What this task involves: Repeat verbatim, and only, the lines of the data below, beginning at the line that contains "Vintage Lalique Black" and stopping after the line that contains "Featuring black and".

--- Available data Enclosed Below ---

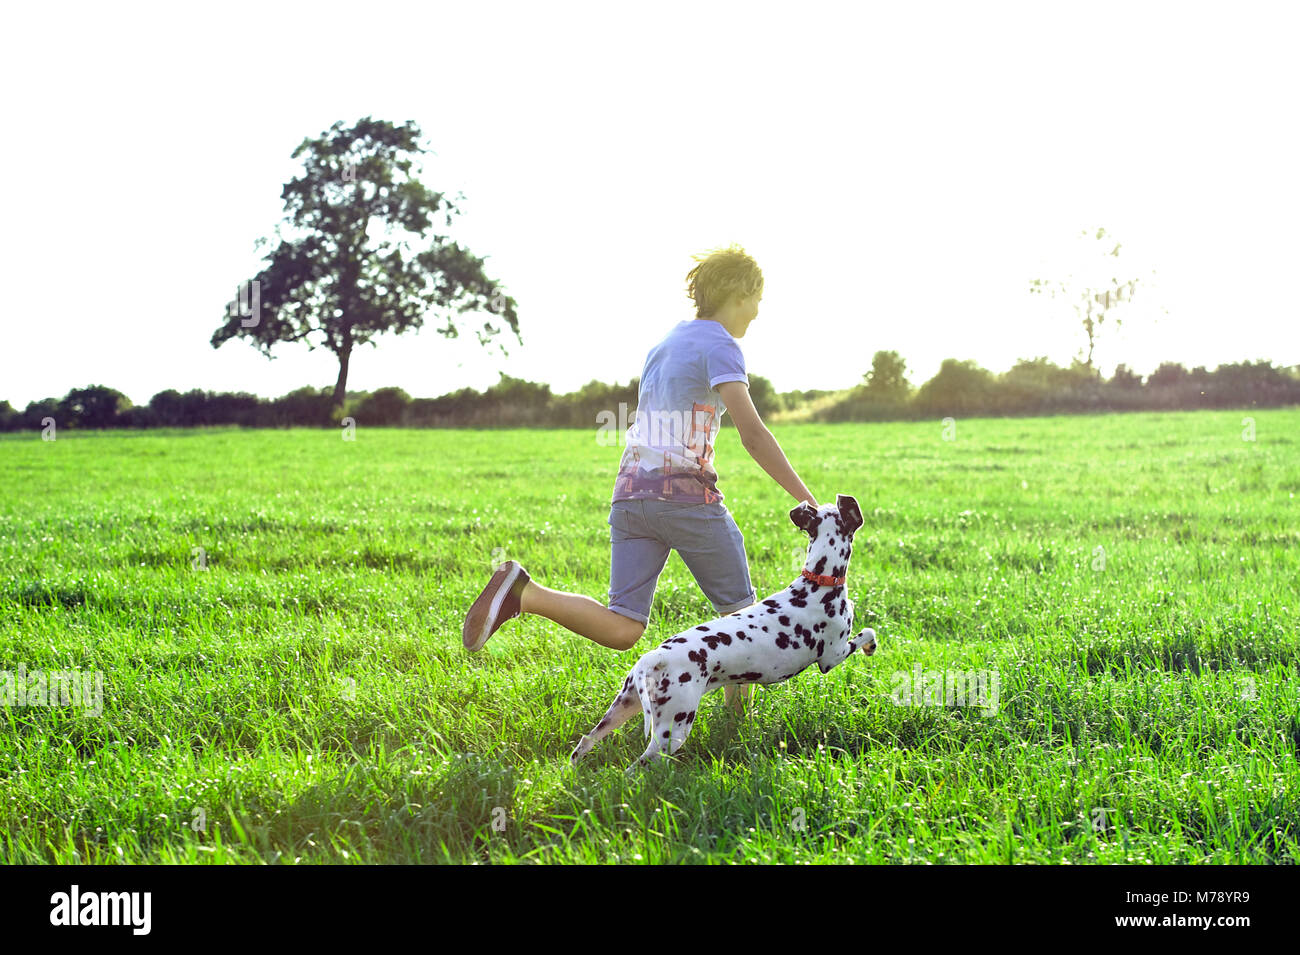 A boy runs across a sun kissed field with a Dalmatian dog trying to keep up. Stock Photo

--- End of Enclosed Available data ---
--- Available data Enclosed Below ---

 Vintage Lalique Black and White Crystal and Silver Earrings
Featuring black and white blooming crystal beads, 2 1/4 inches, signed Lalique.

--- End of Enclosed Available data ---
--- Available data Enclosed Below ---

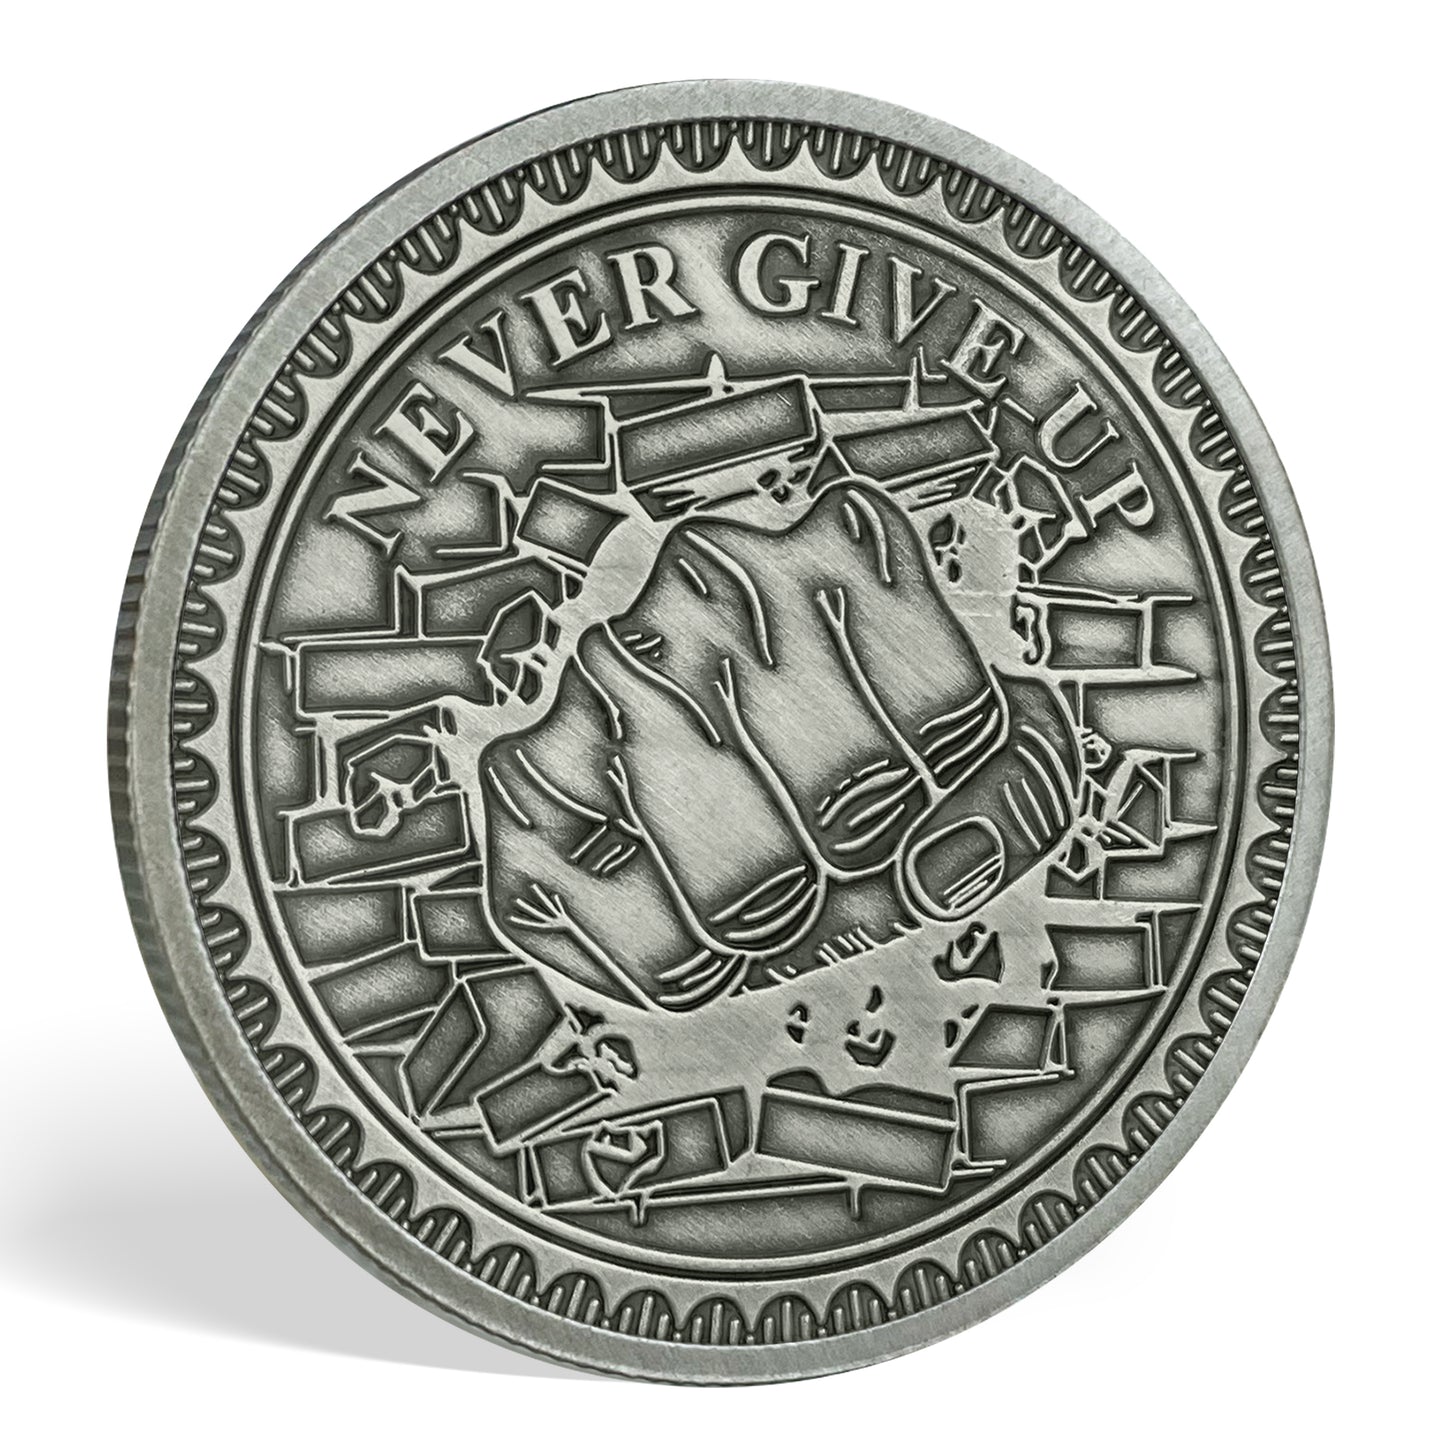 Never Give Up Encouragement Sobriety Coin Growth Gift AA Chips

--- End of Enclosed Available data ---

Output of the exercise:
 Vintage Lalique Black and White Crystal and Silver Earrings
Featuring black and white blooming crystal beads, 2 1/4 inches, signed Lalique.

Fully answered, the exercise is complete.